§ What is being asked:
All pictures are to be omitted while the lines starting at the line with "Long Honey Blonde Balayage Hair with Waves" and ending at the line with "0d4b874f58 Marc Angelo" in the material below are retyped exactly, both ends included.

§ Material provided:
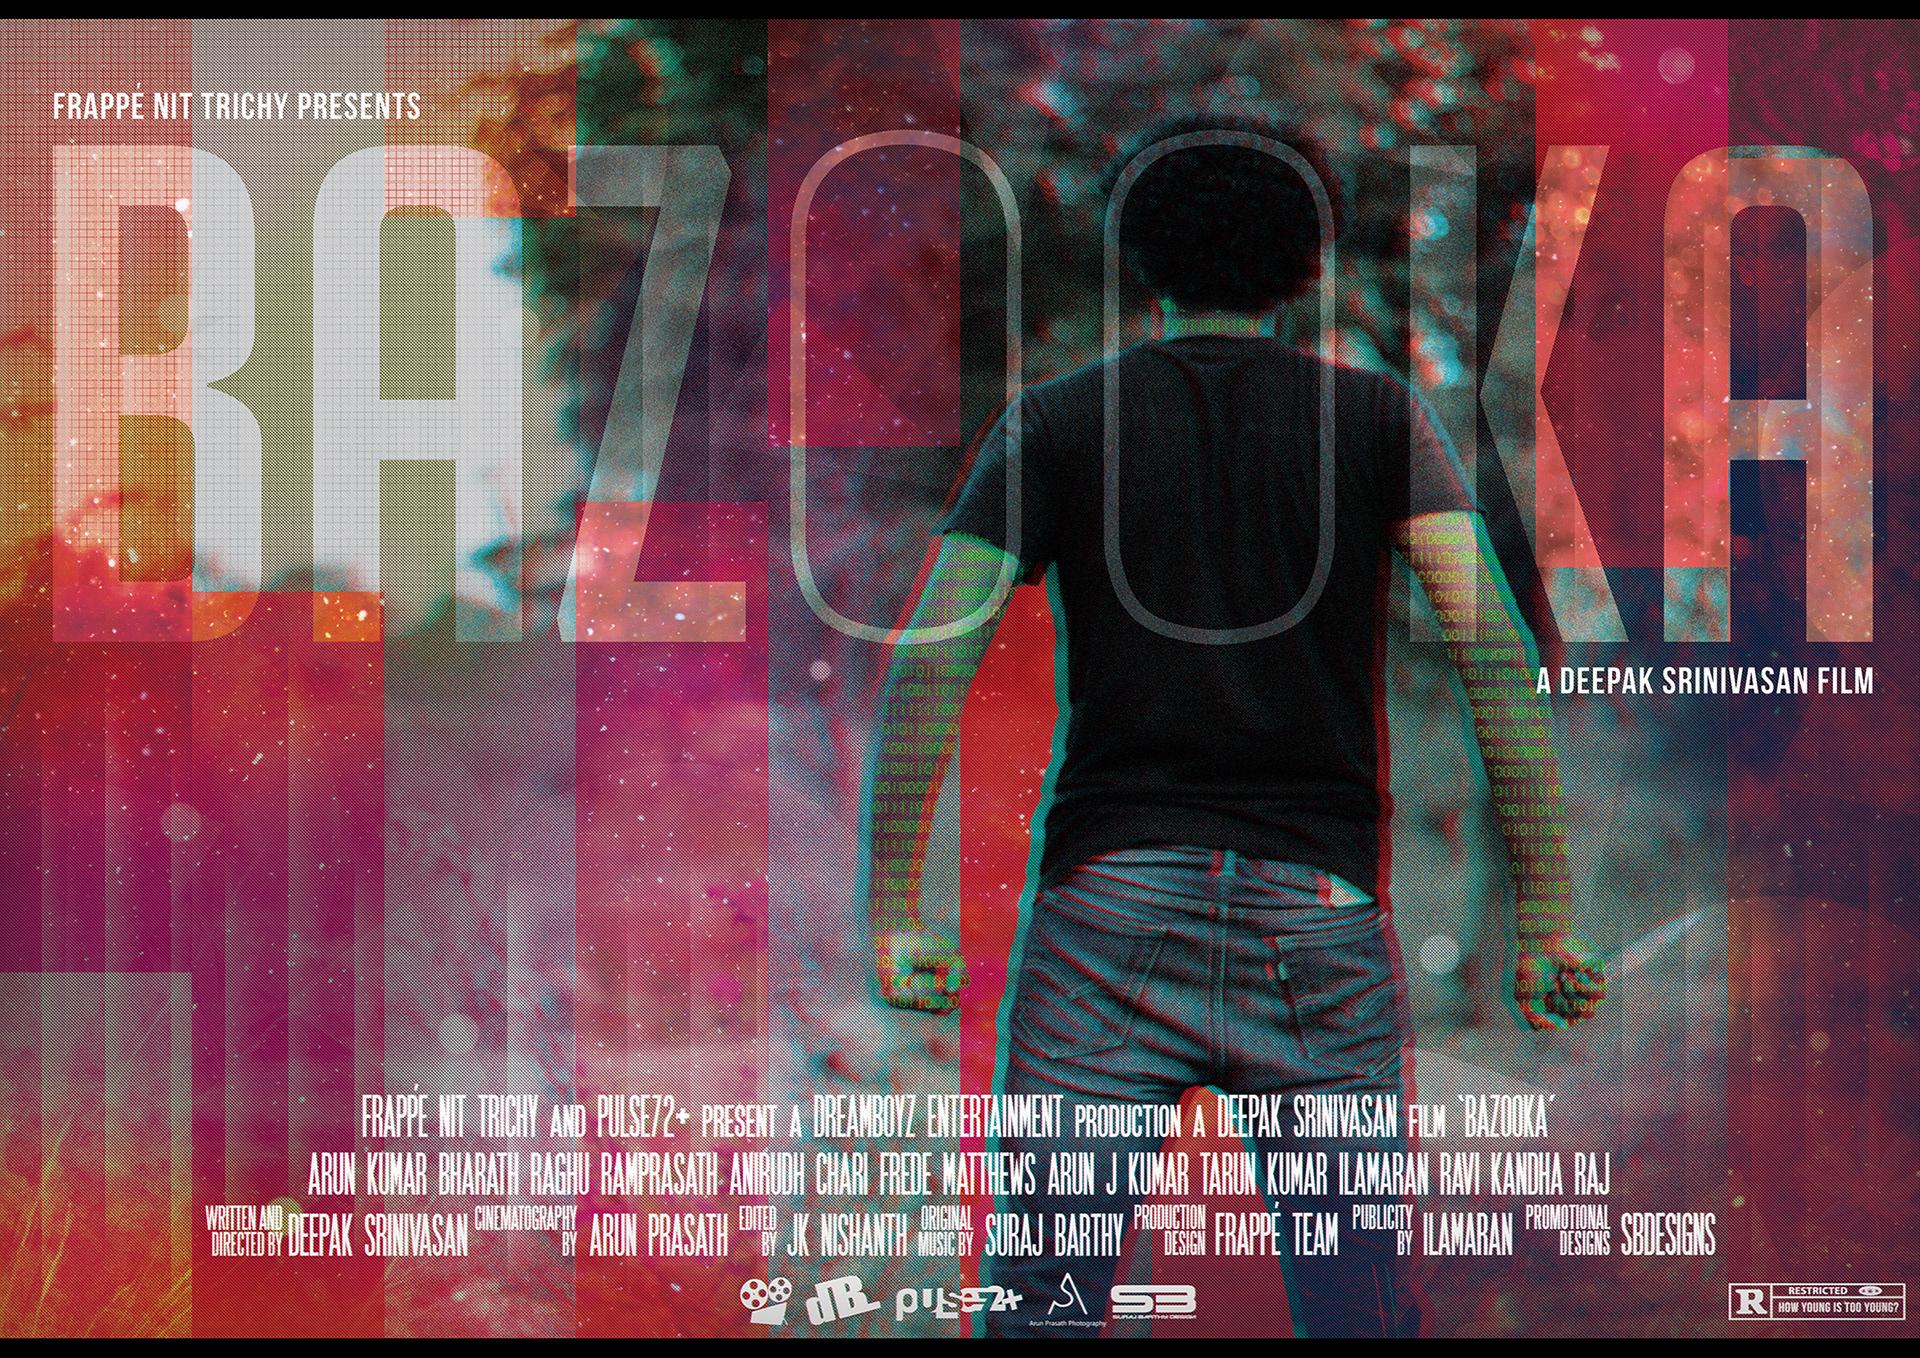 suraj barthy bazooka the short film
---
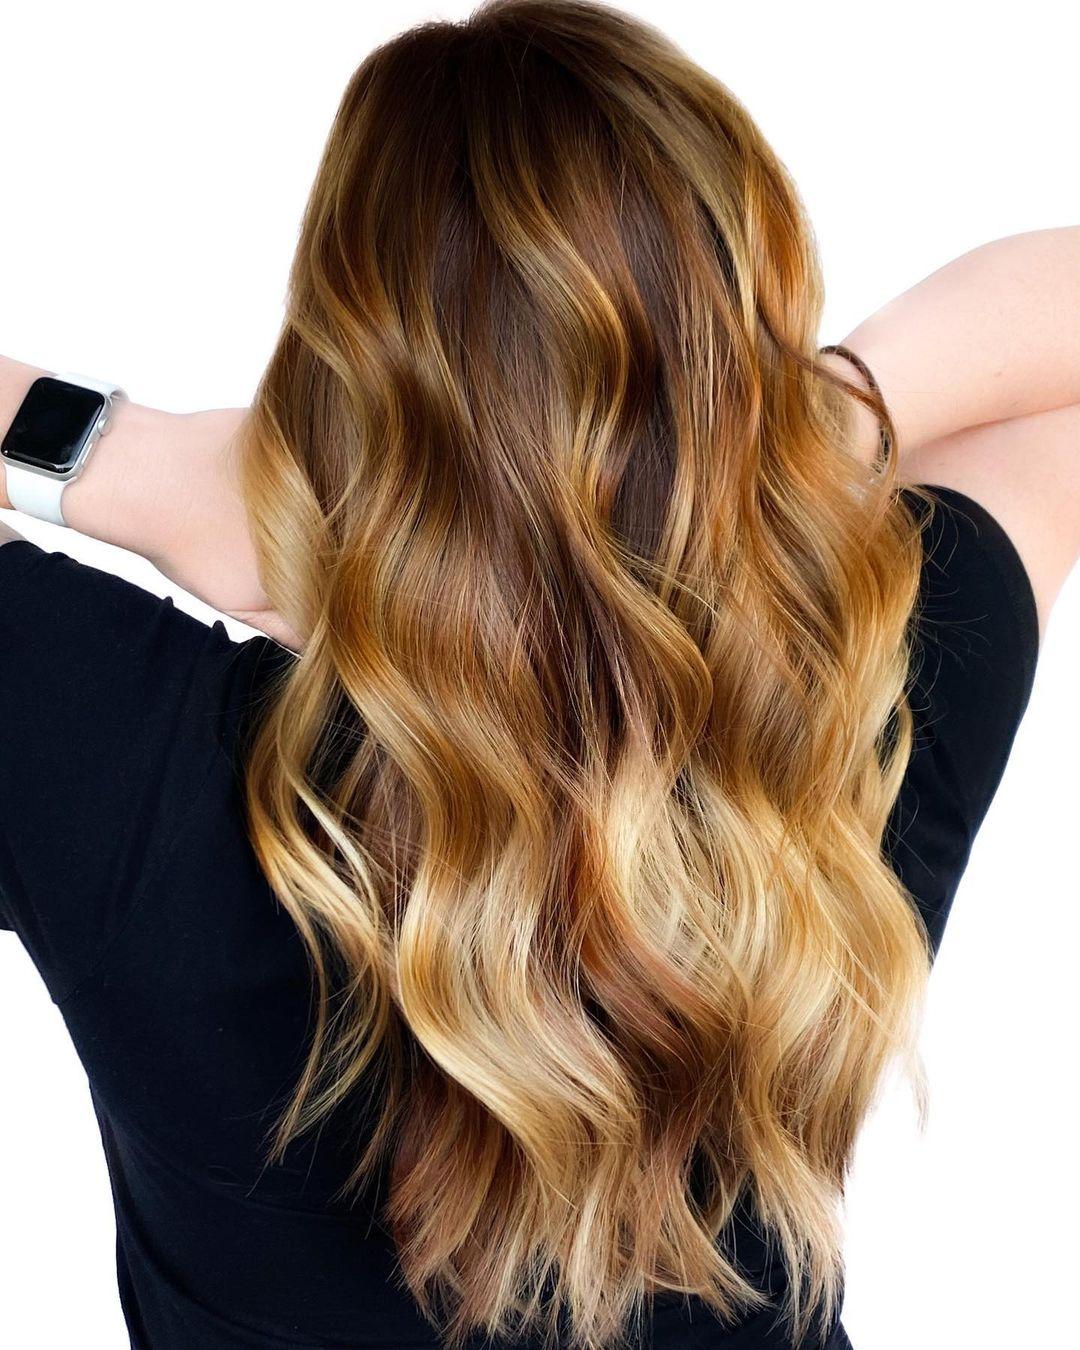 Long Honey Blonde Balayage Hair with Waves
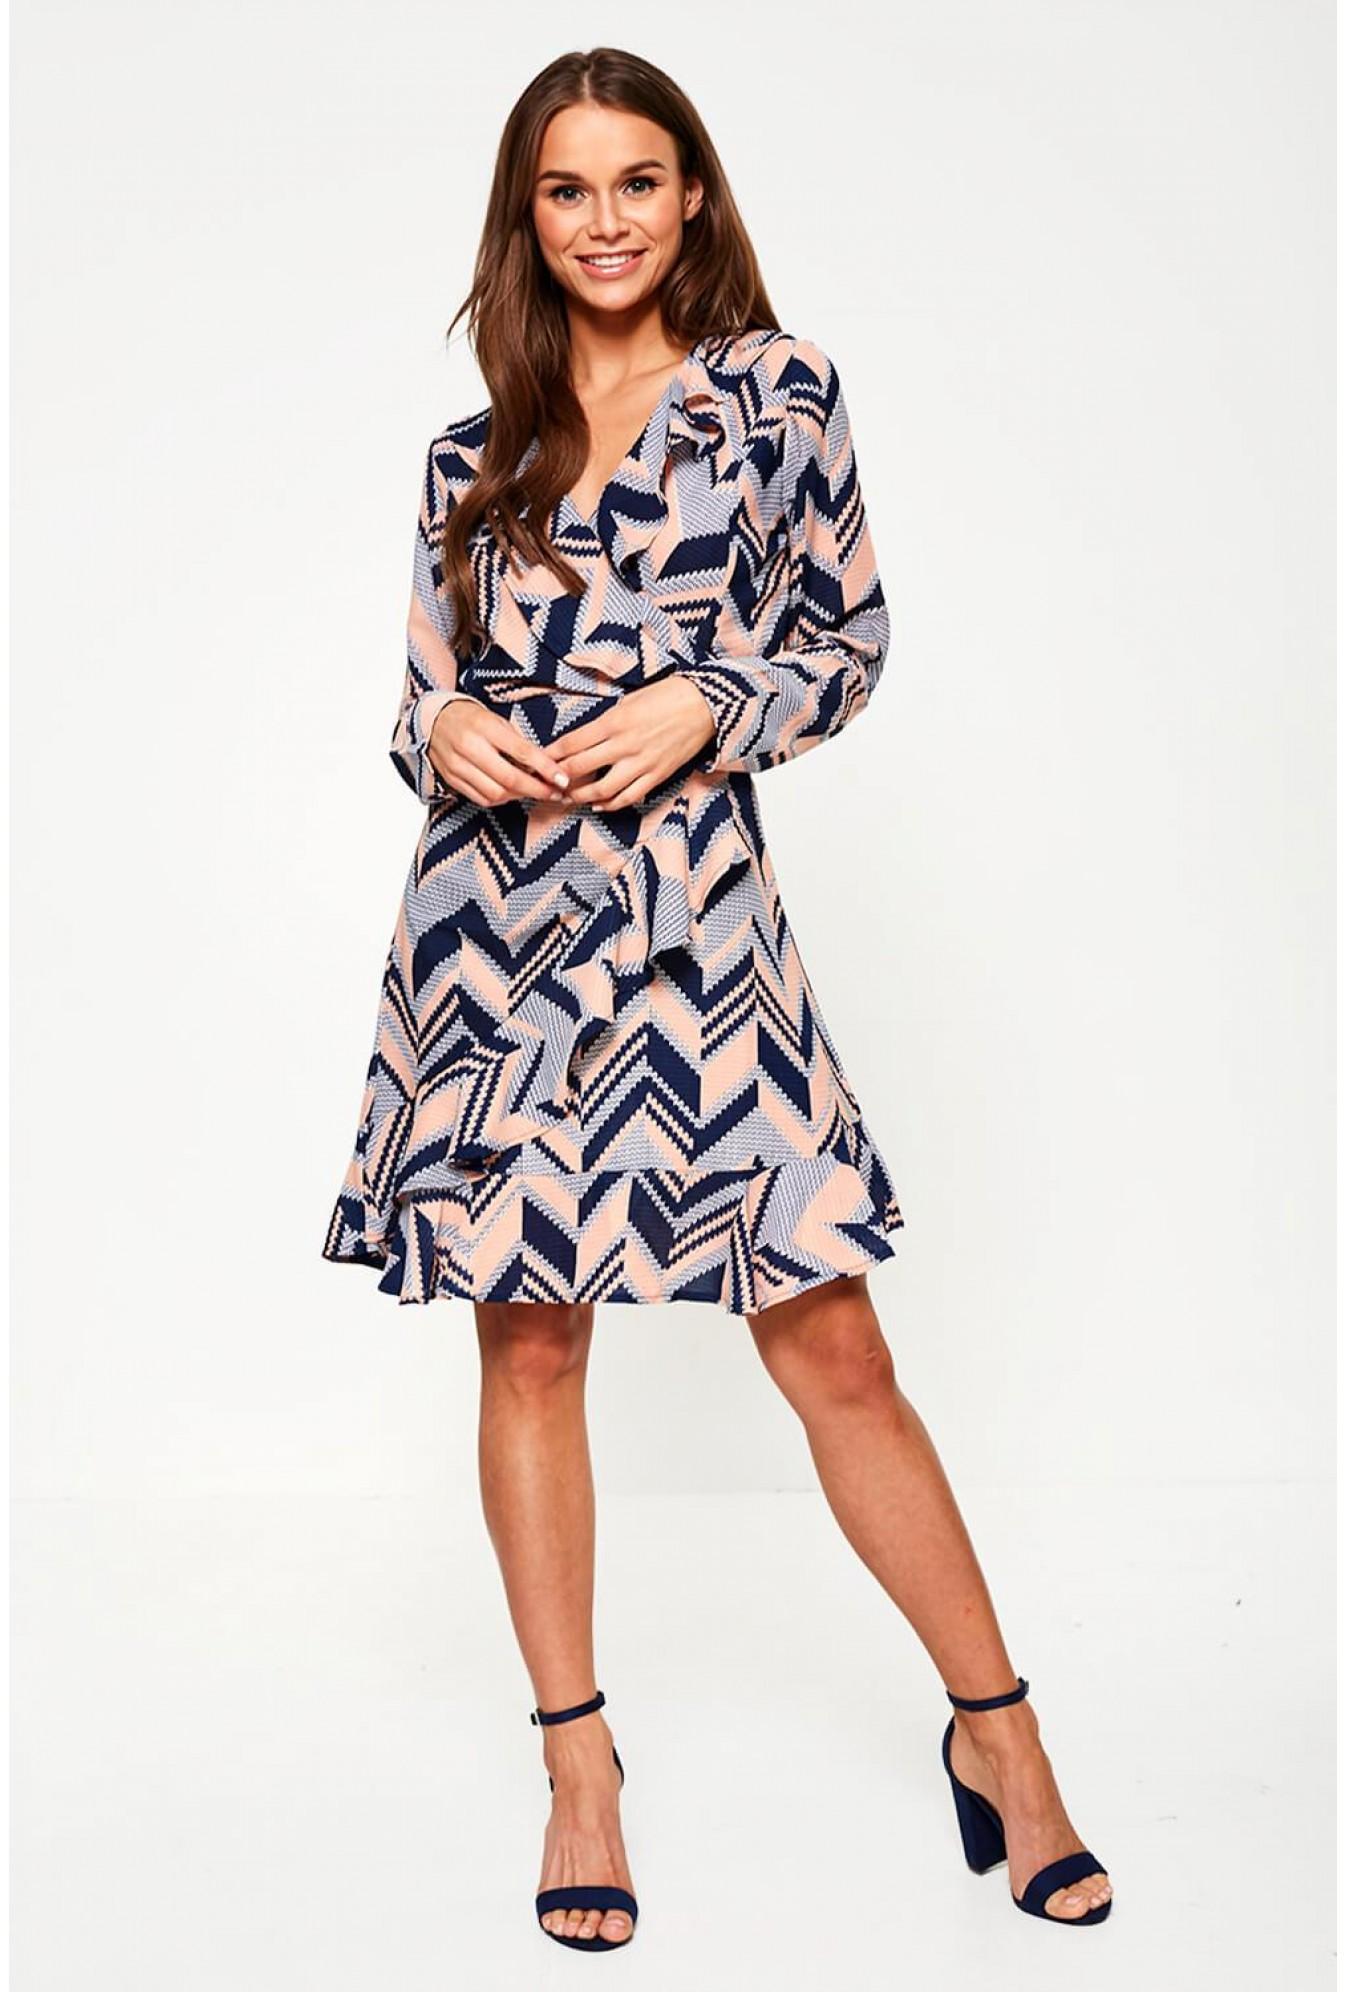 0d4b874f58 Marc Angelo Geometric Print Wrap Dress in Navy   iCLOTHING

§ Solved exercise:
 Long Honey Blonde Balayage Hair with Waves
 0d4b874f58 Marc Angelo Geometric Print Wrap Dress in Navy   iCLOTHING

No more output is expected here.